Ahora bien, más allá de la evidente falsedad inscrita en los discursos otanistas y atlanticistas que predican con insistencia que el fin las inseguridades del siglo XX sólo fue materialmente posible cuando la Unión Soviética dejó de existir, lo que es indudable en los tiempos que corren es que los honores que en las últimas horas se han expedido a la figura del exmandatario soviético, en Occidente, tienen que ver más con el hecho de que al caer la URSS, al rededor del mundo, infinidad de movimientos populares, obreros y campesinos perdieron un referente histórico (político, ideológico, económico, cultural) que estructuralmente les animaba a construir formas de mundo distintas de las que el excepcionalismo estadounidense promovía por todas partes del planeta. Y es éste, precisamente, el problema que ahora mismo no se está discutiendo, pero que la muerte de Gorbachov permite recuperar como preocupación política-intelectual vigente. ¿En qué sentido es esto posible?

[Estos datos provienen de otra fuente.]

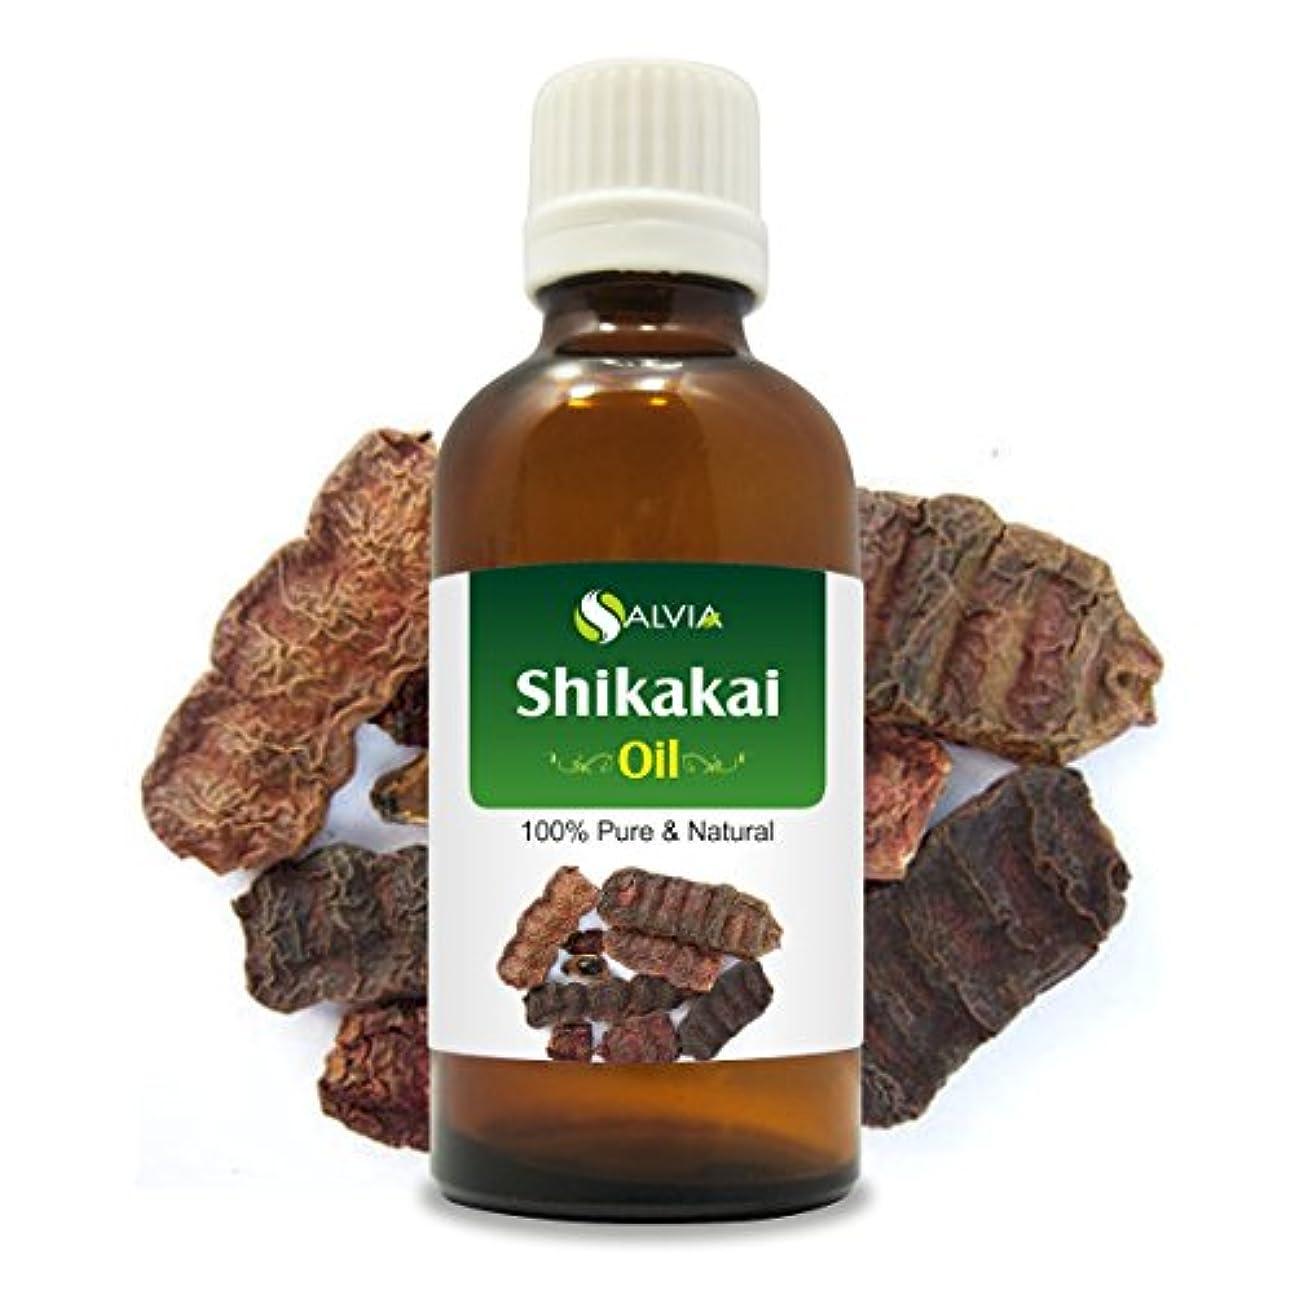 残忍な見つけたたくさんのSHIKAKAI OIL 100% NATURAL PURE UNDILUTED UNCUT OIL 15ML

Para empezar, quizá primero habría que comprender que, al emerger como potencia hegemónica desde el final de las dos contiendas bélicas que sumieron en la miseria a los pueblos de Europa (1914-1945), Estados Unidos buscó, sin conseguirlo, generalizar cierto grado de restricción de las capacidades bélicas de prácticamente todas las naciones del mundo como un desafío —dadas las nuevas tecnologías de destrucción masiva que la guerra había dejado tras de sí—, del que dependía no sólo la seguridad del propio pueblo estadounidense, sino, asimismo, su existencia como nación, como territorio, como Estado y régimen político. Que nunca lograra conseguir la constricción de desarrollos militares de otros Estados se debió, sobre todo, a que el argumento principal del gobierno estadounidense fue adoptado por otros gobiernos para emplearlo en contra de las pretensiones monopólicas de Estados Unidos en materia de desarrollos nucleares. Eso explica, de hecho, las concesiones que éste tuvo que hacer a potencias aliadas sobre la marcha, otorgándoles un respaldo explícito a sus propios programas nucleares, lo que al final diversificó (no muy ampliamente) la posesión de armas de destrucción masiva.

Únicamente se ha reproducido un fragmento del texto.